Talent gaps stump companies

NEARLY FOUR out of five companies now report a big gap in their talent pipeline, and 40 per cent of the companies believe this to be an acute problem, a recent study has found

NEARLY FOUR out of five companies now report a big gap in their talent pipeline, and 40 per cent of the companies believe this to be an acute problem, a recent study has found.

A range of factors are driving this gap, including low fertility rates, speed of change, underinvestment in education and an ageing workforce.

The study, which took in almost 200 firms globally, also found that only 14 per cent of organisations are prepared for the potential loss of skills, corporate knowledge and leadership that will occur within the next five years.

Furthermore, prepared firms are much more likely (42 per cent compared to just 8 per cent of underprepared firms) to conduct formal workforce planning processes integrated with strategic business planning.

While industry thought-leaders have long recommended that firms focus workforce planning efforts on critical job roles, results indicate that prepared organisations conduct planning for all job roles, a finding with significant implications for human capital resource allocation.

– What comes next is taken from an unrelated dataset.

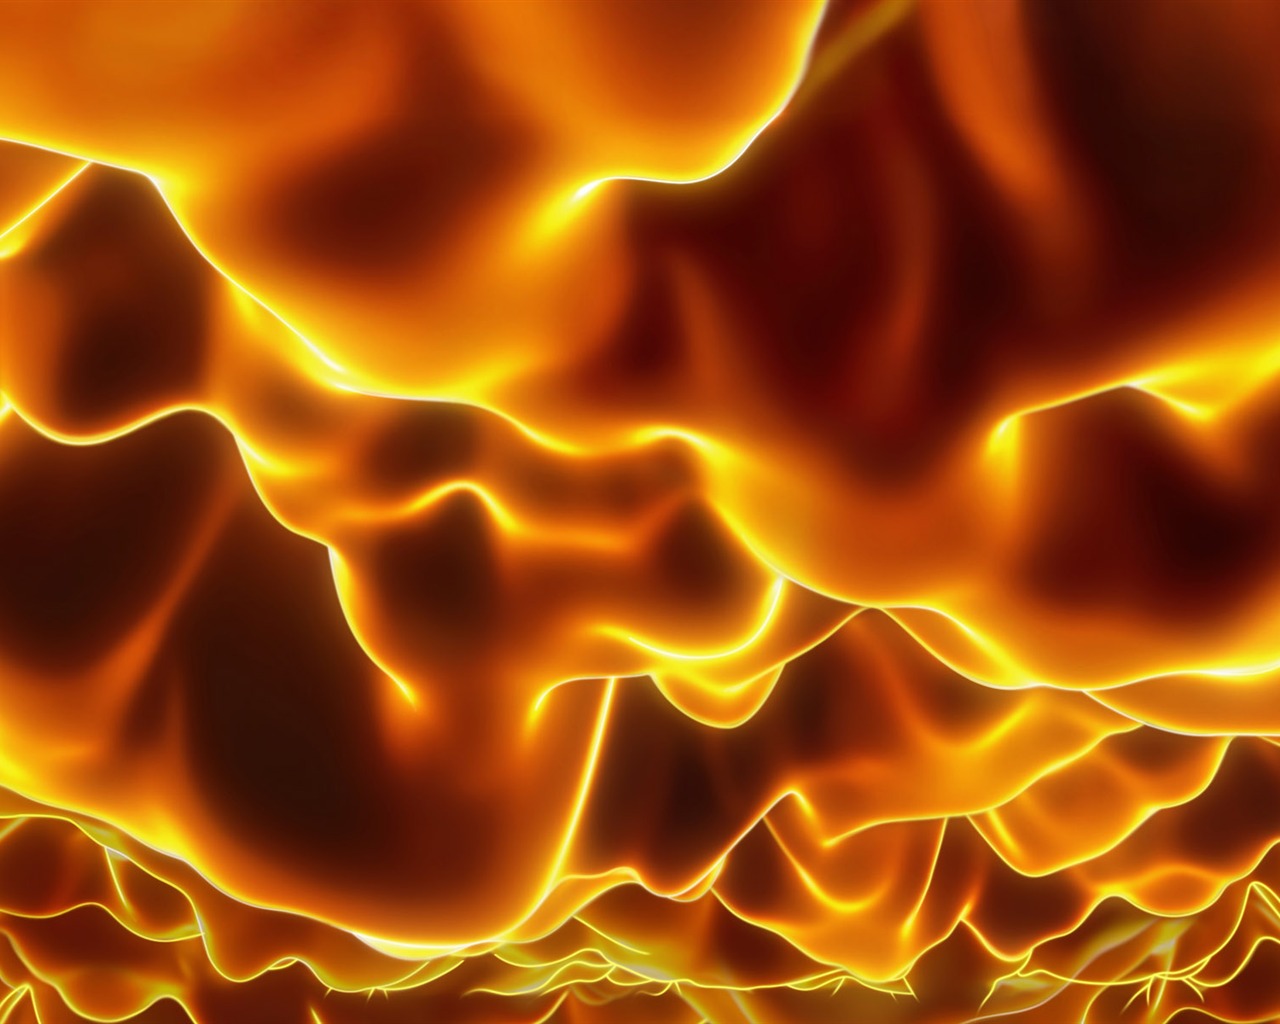 Flame Feature HD Wallpaper #4 - 1280x1024
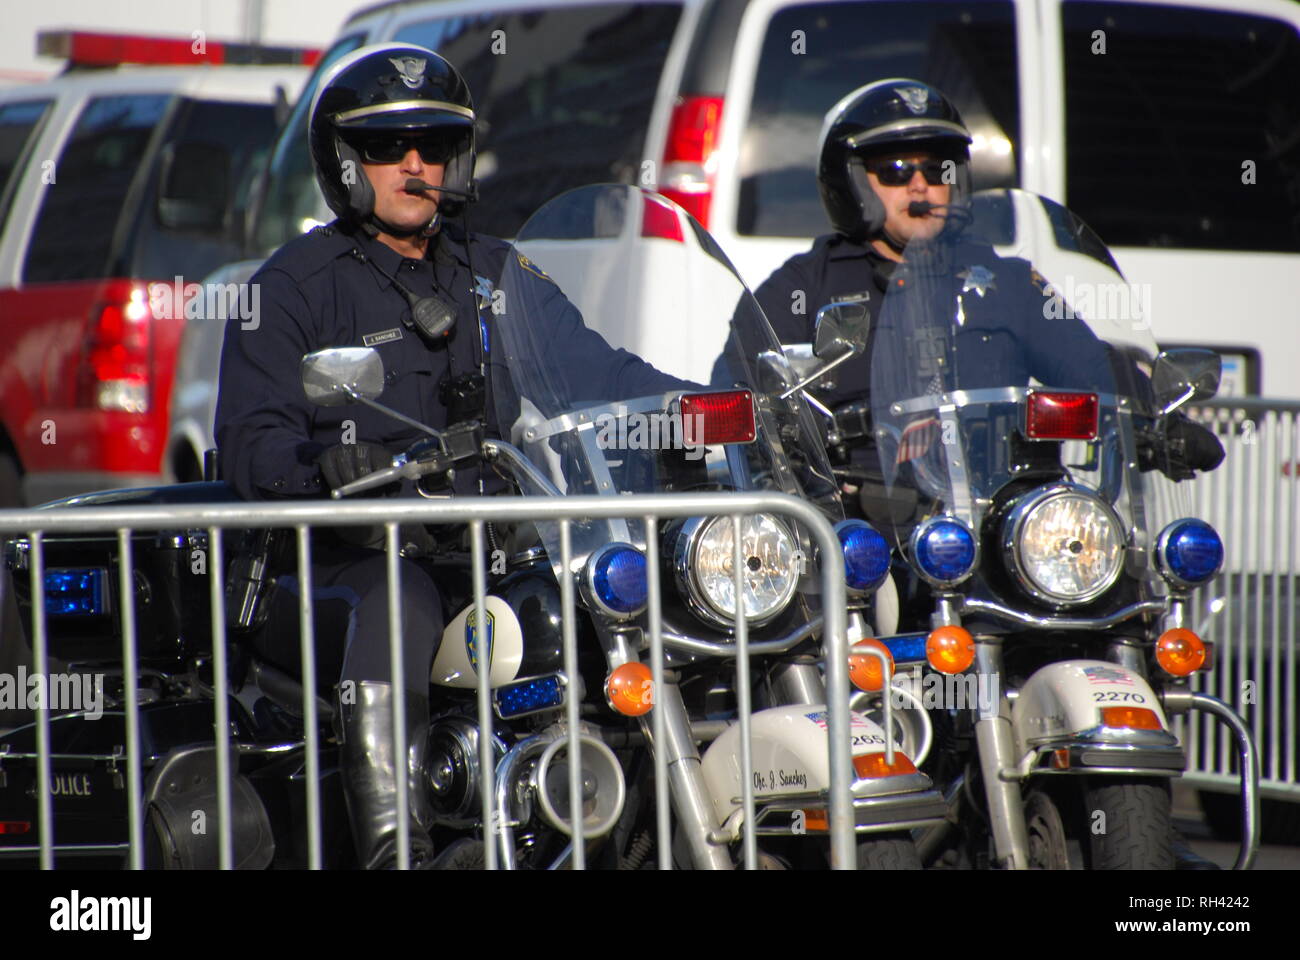 Oakland police Officer Jerry Sanchez and another officer patrol on motorcycle outside a Kamala Harris for President rally in downtown Oakland on Jan. 27, 2019. Stock Photo

Organisations with integrated workforce planning processes can realise significant benefits, such as identifying early-warning signs of human capital risks, implementing more targeted recruitment strategies, and improving the allocation of finite HR resources, said Anastasia Ellerby, managing director of Infohrm, which conducted the study.

However, she said there was a range of potential roadblocks to achieving success, especially the absence of senior and line management commitment and a shortage of analytical skills within HR.

Over the coming years, Ellerby said many of the trends identified in the study would continue, including skills shortages influenced by the ageing workforce and significant new technological developments.

She also pointed to other trends, including potential organisational culture issues caused by generational differences, and increase in the size of the contingent workforce – a group which most organisations exclude from their workforce planning activity, and an increasingly global workforce, highlighting the need for HR to both attract (from overseas) and retain (local) skilled workers.

“All these trends highlight the need for HR practitioners to hone their skills in strategic integration of business/HR planning, sophisticated human capital data analysis, influencing skills and the ability to innovate in response to emerging priorities,” Ellerby said.

There were a number of steps HR practitioners could take. She recommended preparing a business case to resource a professional workforce planning capability. “One way of doing this would be to prepare a ‘dummy’ demand/supply/gap forecast to highlight potential costs and lost opportunities caused by future skills shortages.”

Ellerby also said to ensure workforce planning processes are integrated with both strategic businesses planning and other people management planning.

“Review your planning horizon: is it sufficiently long-term? Also, appreciate that workforce planning is an iterative and incremental process,” she said.

“Work towards deployment of a comprehensive range of workforce planning processes, from well-researched environmental scanning through to review of strategies.”

She also said uncertainty could be reduced by improving future-friendly skills such as strategic thinking and scenario planning.